On Sun, 23 May 2004 14:47:37 -0400 "George Murphy" <gmurphy@raex.com>
writes:
<snip>
>
> The idea that the state marries people is also problematic:
> It is a
> man and woman who marry one another, not a judge or a pastor. (In
> the
> marriage service of the Lutheran Book of Worship the presiding
> minister does
> not say "I now pronounce you husband and wife" but "A and B, by
> their
> promises before God and in the presence of this congregation, have
> bound
> themselves to one another as husband and wife.") The Genesis
> creation
> accounts suggest that marriage has a priority over the state.
> the government and some Christians might not look at it that way.
<snip>
>
> Shalom
> George
> http://web.raex.com/~gmurphy/
>
I can't speak of all, but I know that at least in some of the Latin
American countries, the only valid marriage is the civil ceremony.
Religious ceremonies are not recognized.

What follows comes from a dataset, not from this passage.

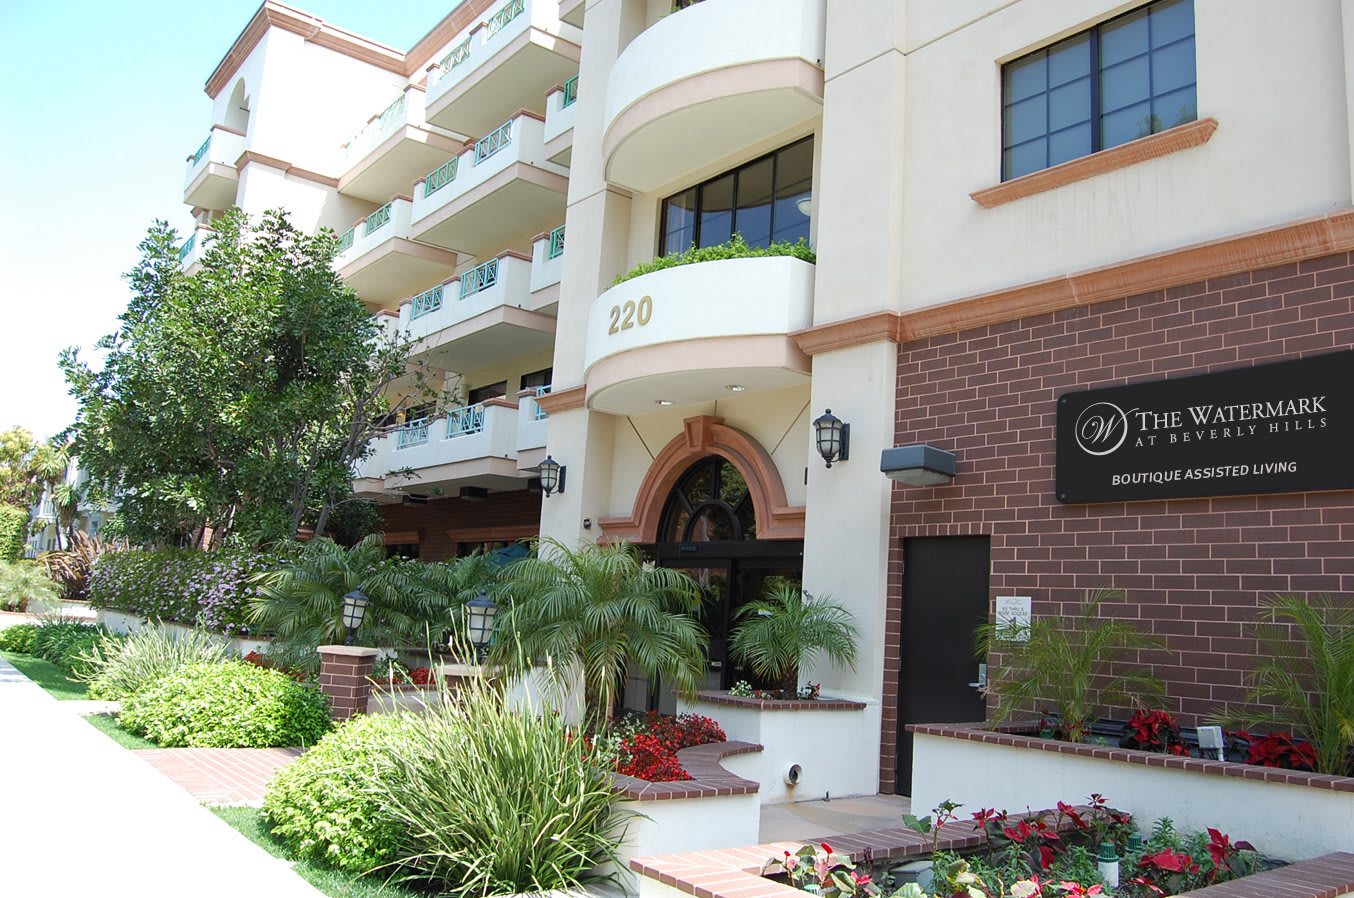 The Watermark at Beverly Hills community exterior

This seems to be the result of
anticlericalism. But adherents to the various faiths consider the
religious ceremony vital.

As to who marries, the problem seems to be like the silly notion that
circulated in educational circles: We teach children, not subjects.
Educators demonstrated that they are too ill-educated to know the
difference between direct and indirect objects--accusative and dative in
Latin or Greek, preventing something so silly from being said. That a
marriage is only between husband and wife holds only for common law
marriage, which I don't think is universally recognized, and then only
with the lapse of time. I think this takes years. And then it is a matter
of state legal provisions.

As for the LBW, I wonder if that meets the requirements of all the
states. I don't know what the express provisions are. The authority is
granted by the state for clergy to perform the ceremony for adherents and
those who want the appearance. However, the state's concern is not merely
for religious adherents, but for all citizens.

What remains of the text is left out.